» TASK PROMPT: A word-for-word copy of the data is what's wanted, with no pictures.

» DATA SECTION:

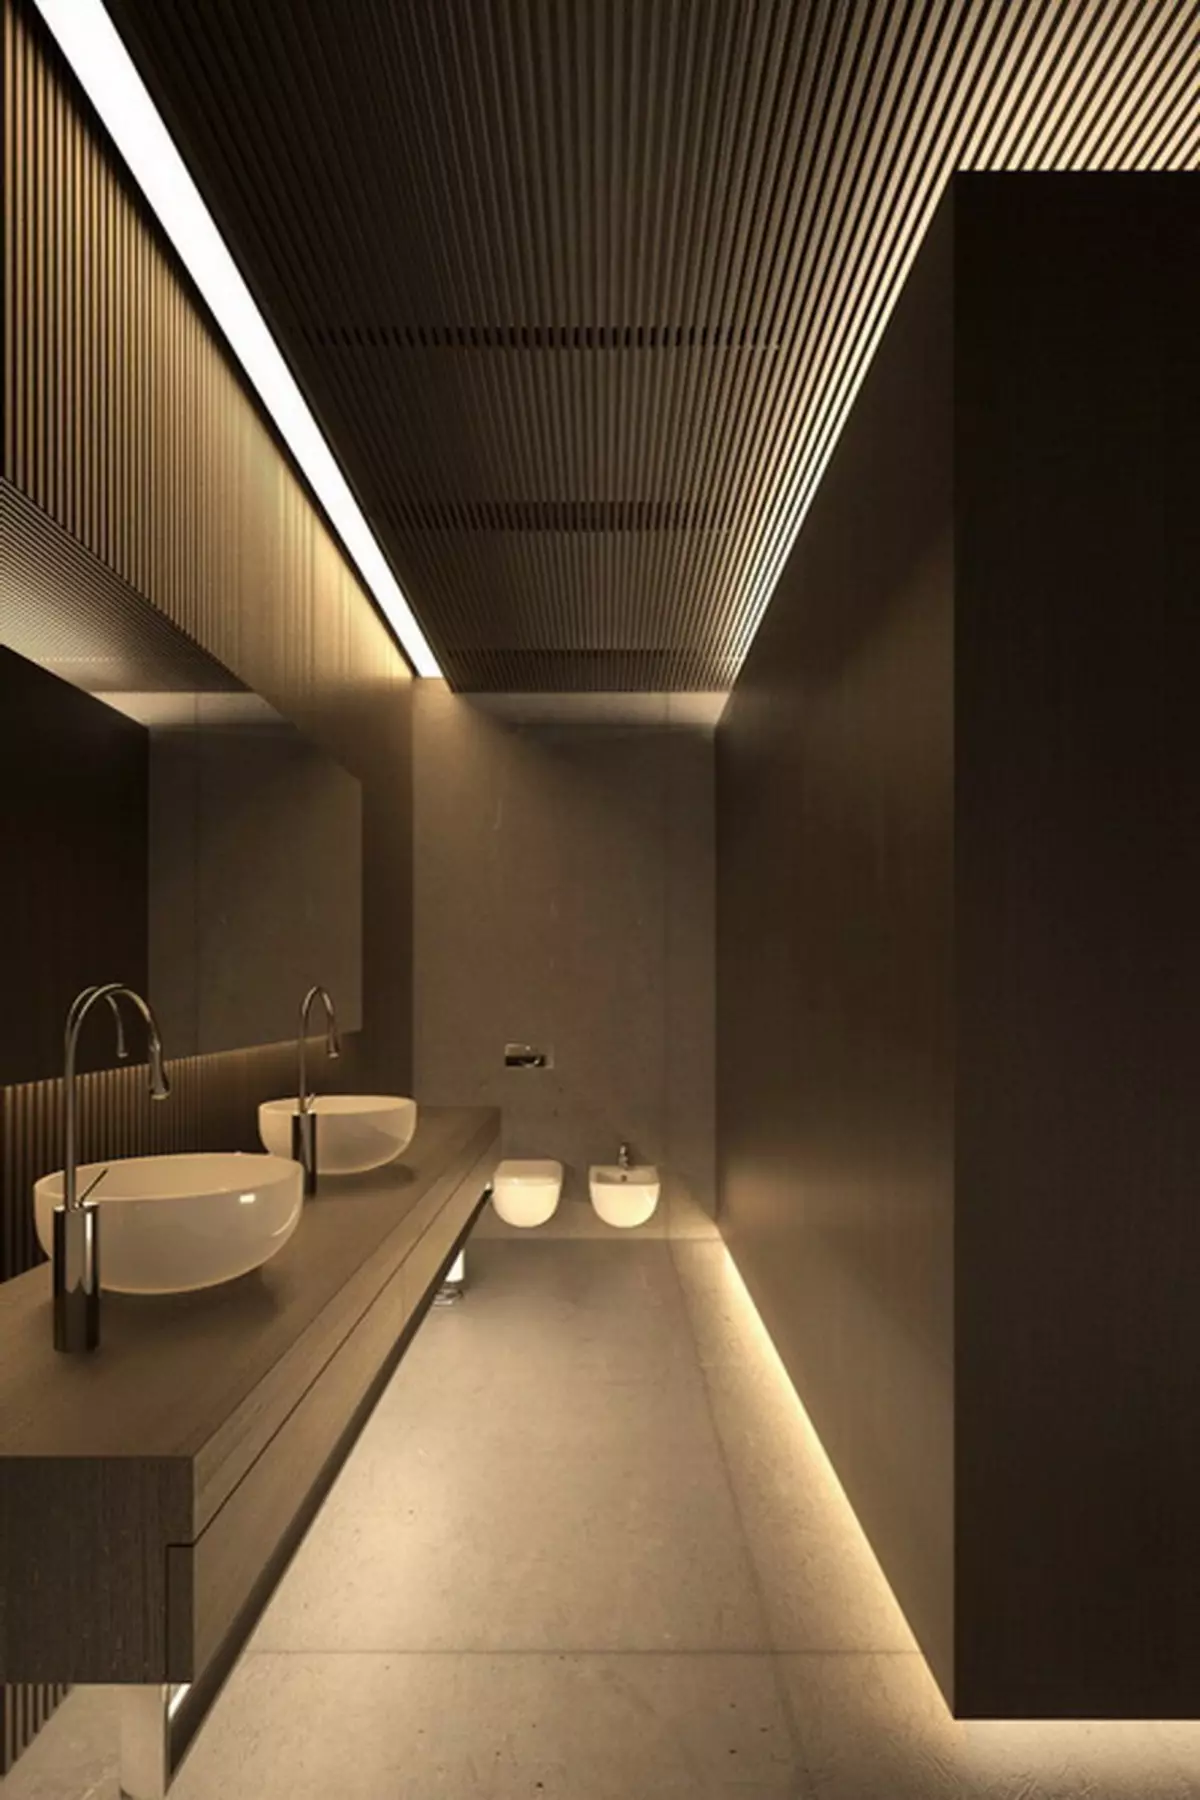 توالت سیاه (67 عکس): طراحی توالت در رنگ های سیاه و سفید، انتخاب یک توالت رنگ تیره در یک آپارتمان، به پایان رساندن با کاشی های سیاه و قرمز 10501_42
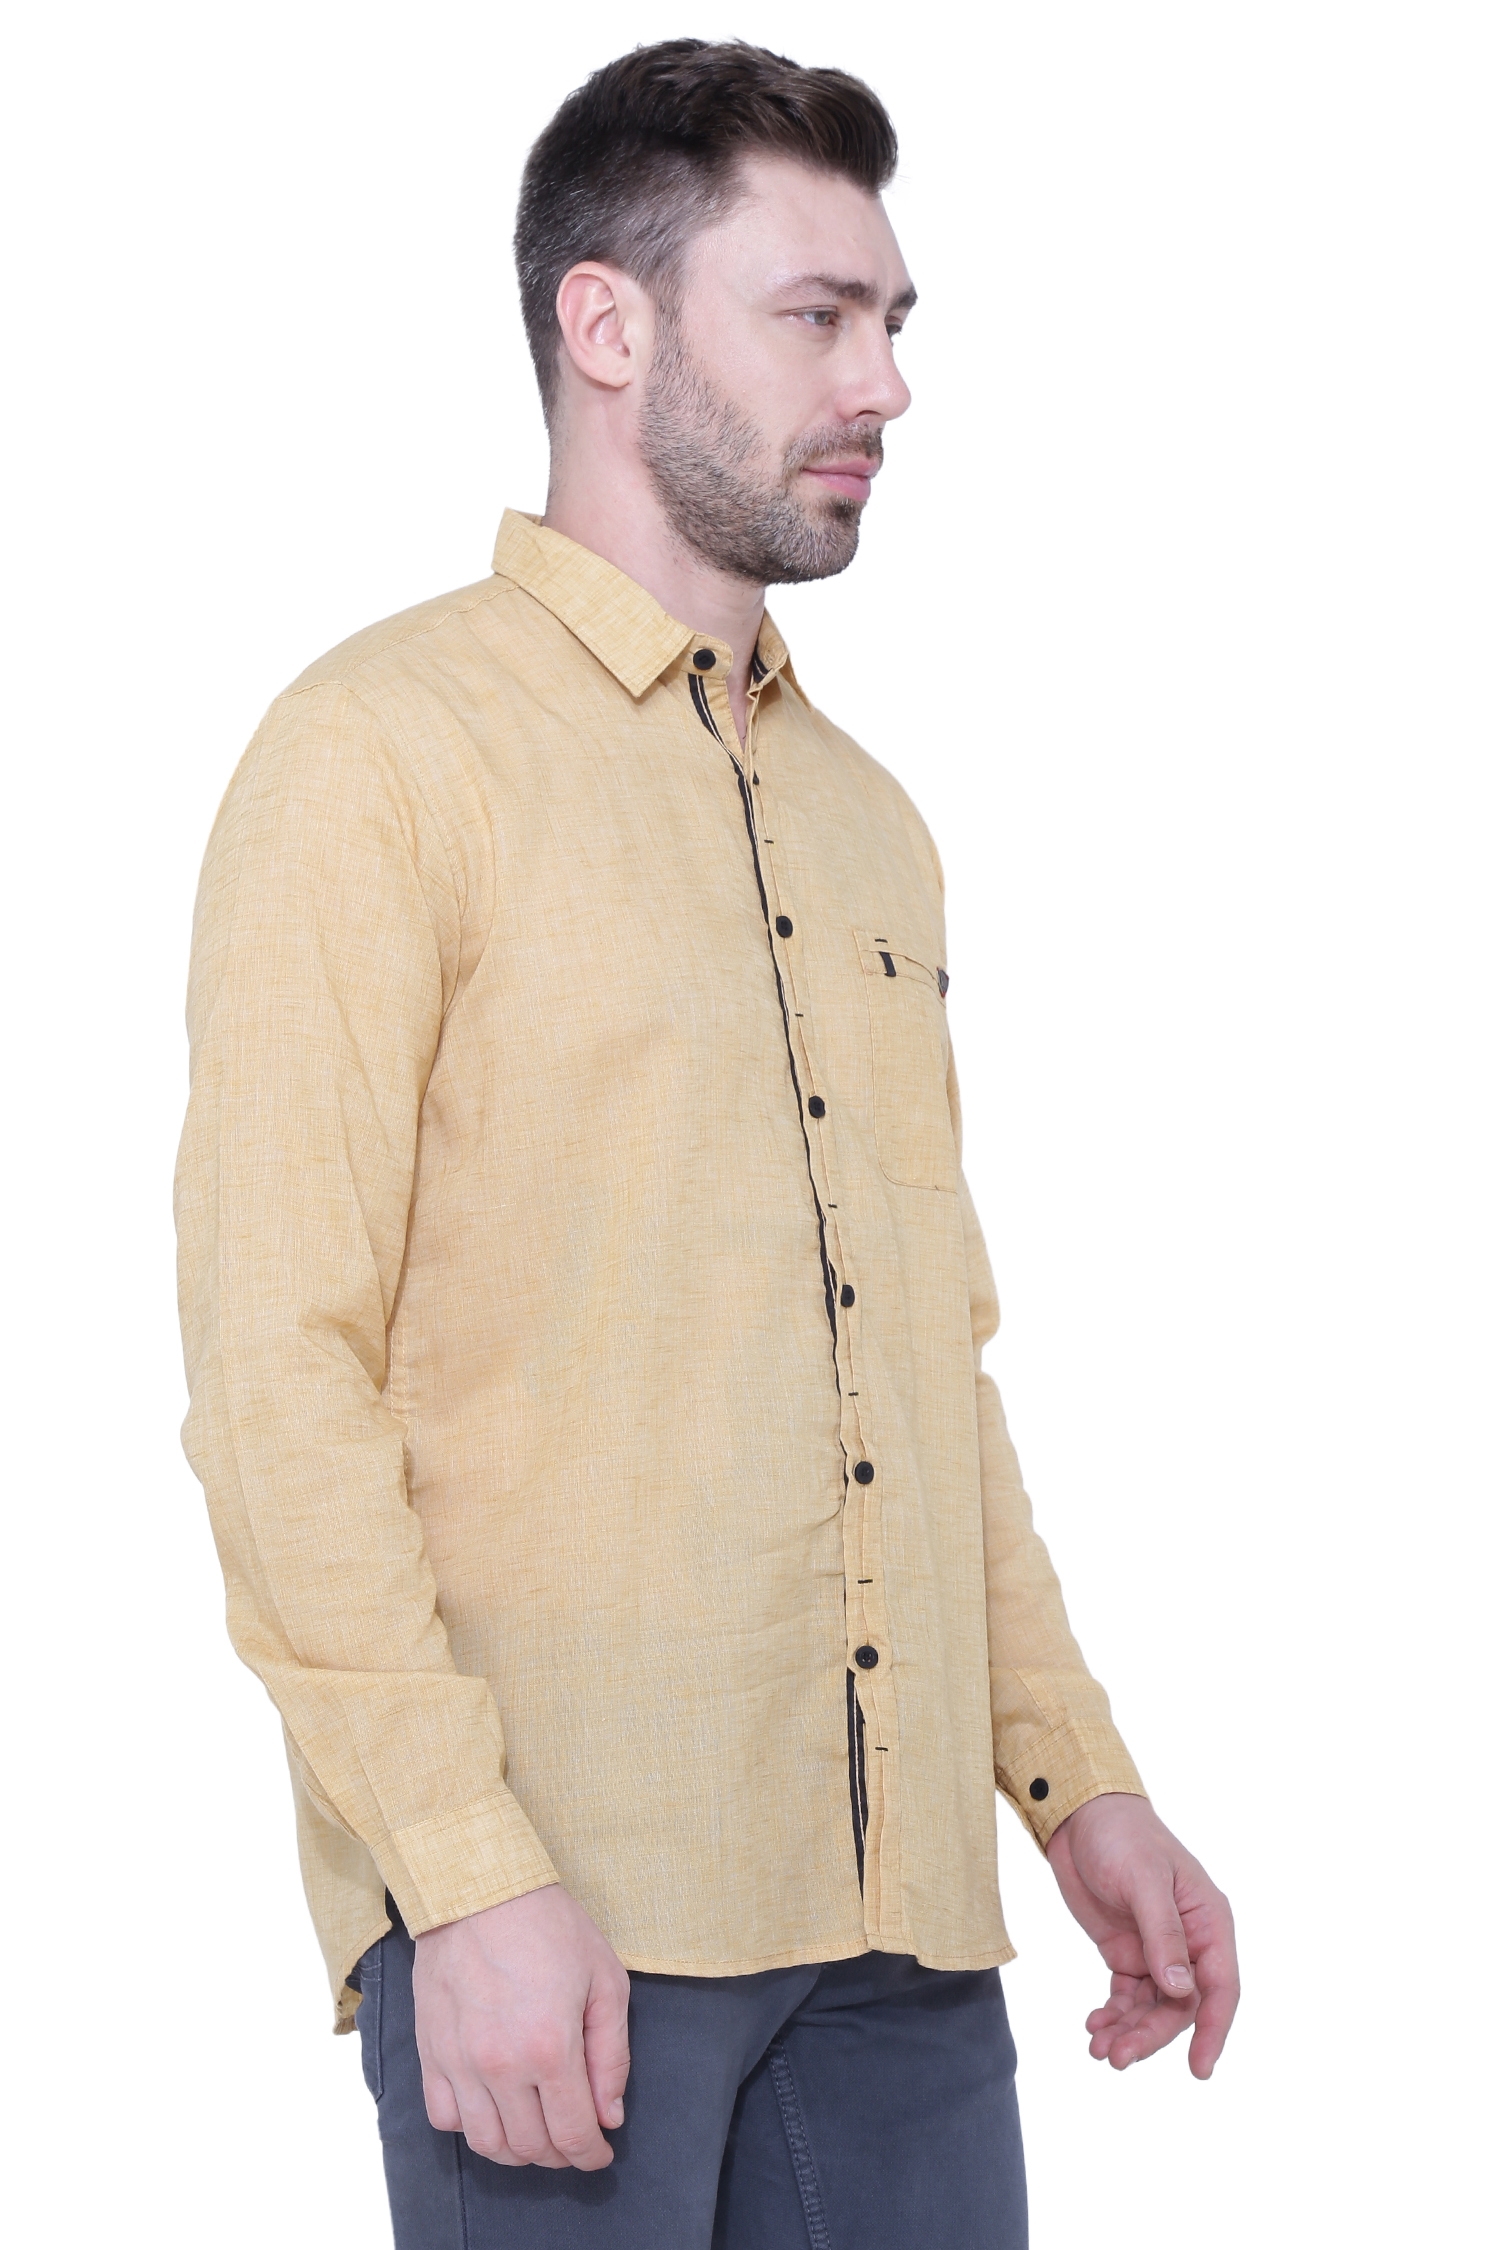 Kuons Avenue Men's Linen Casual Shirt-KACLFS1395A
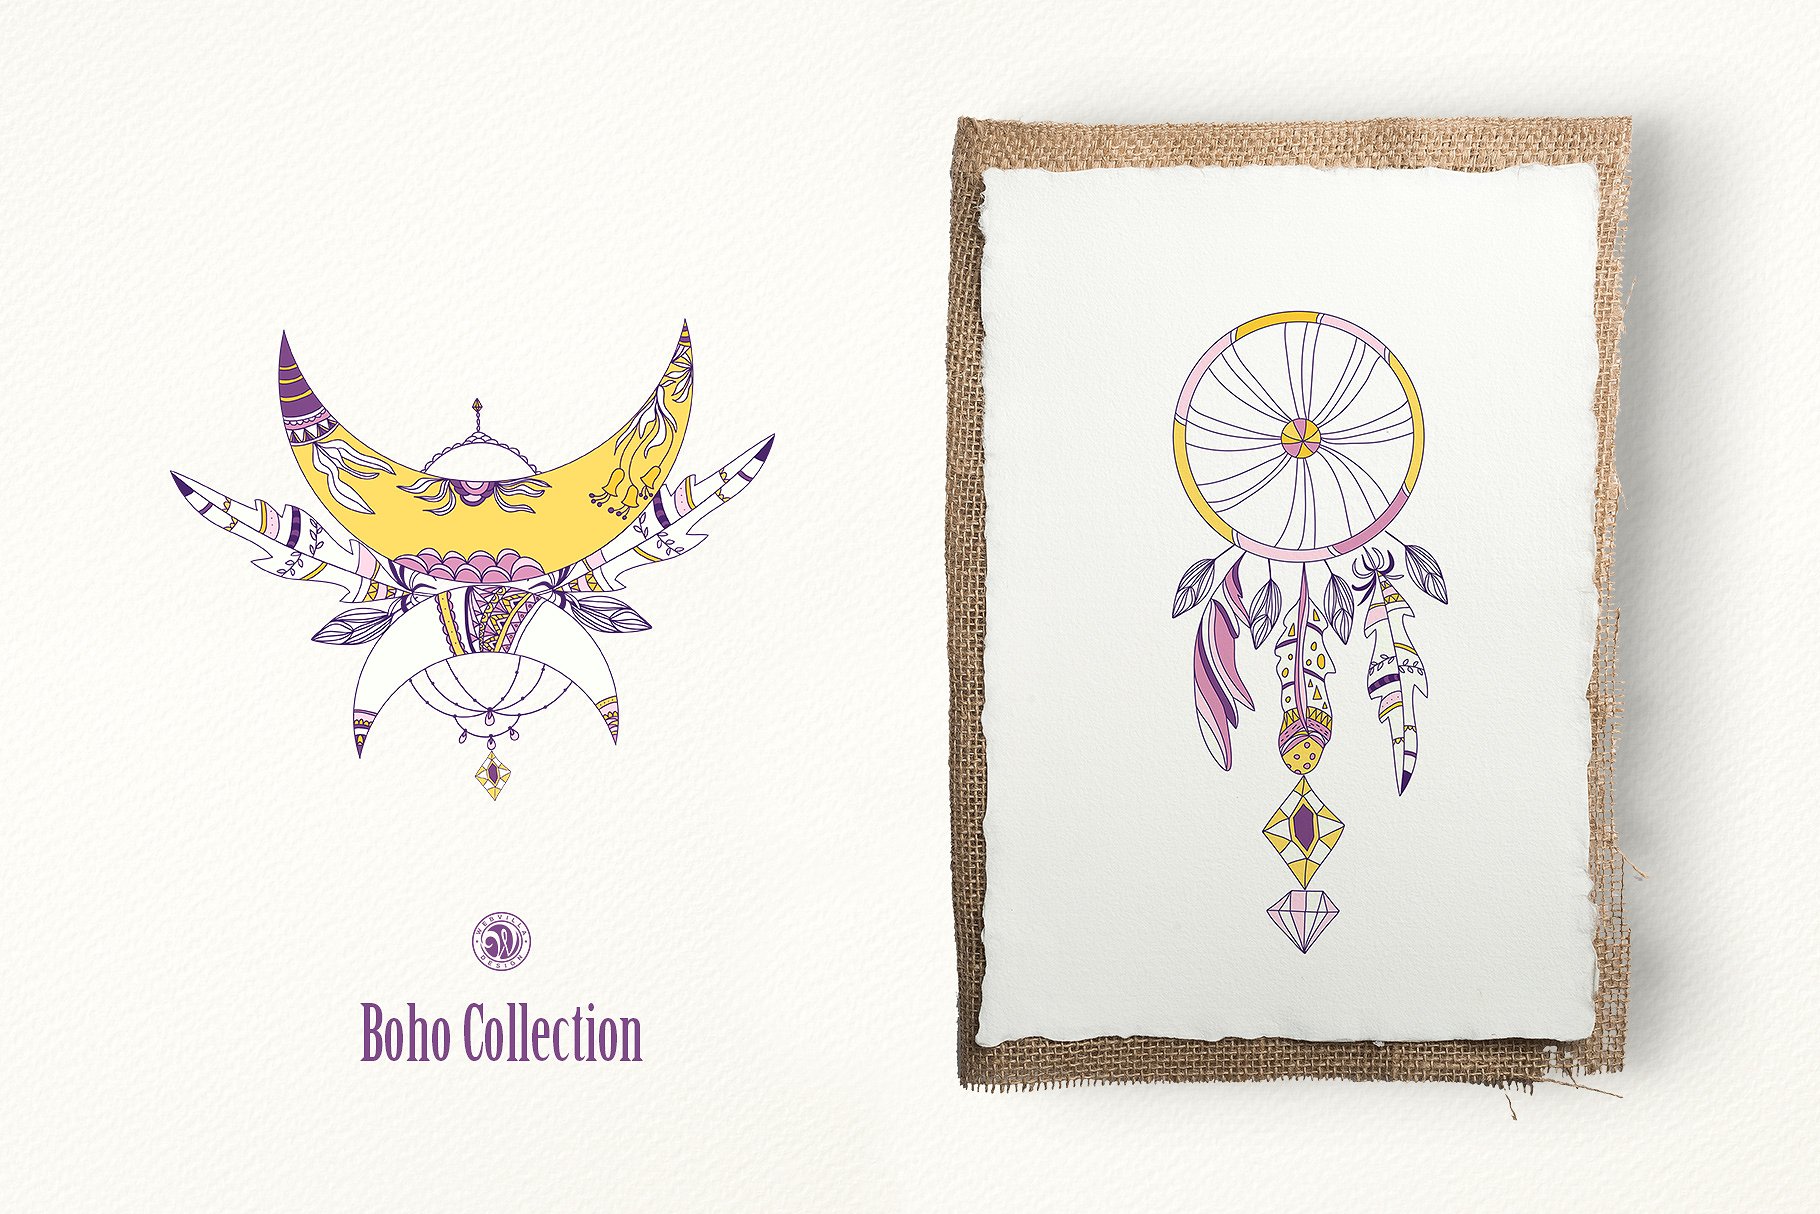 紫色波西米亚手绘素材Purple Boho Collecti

» ANSWER BOX:
 توالت سیاه (67 عکس): طراحی توالت در رنگ های سیاه و سفید، انتخاب یک توالت رنگ تیره در یک آپارتمان، به پایان رساندن با کاشی های سیاه و قرمز 10501_42
 Kuons Avenue Men's Linen Casual Shirt-KACLFS1395A
 紫色波西米亚手绘素材Purple Boho Collecti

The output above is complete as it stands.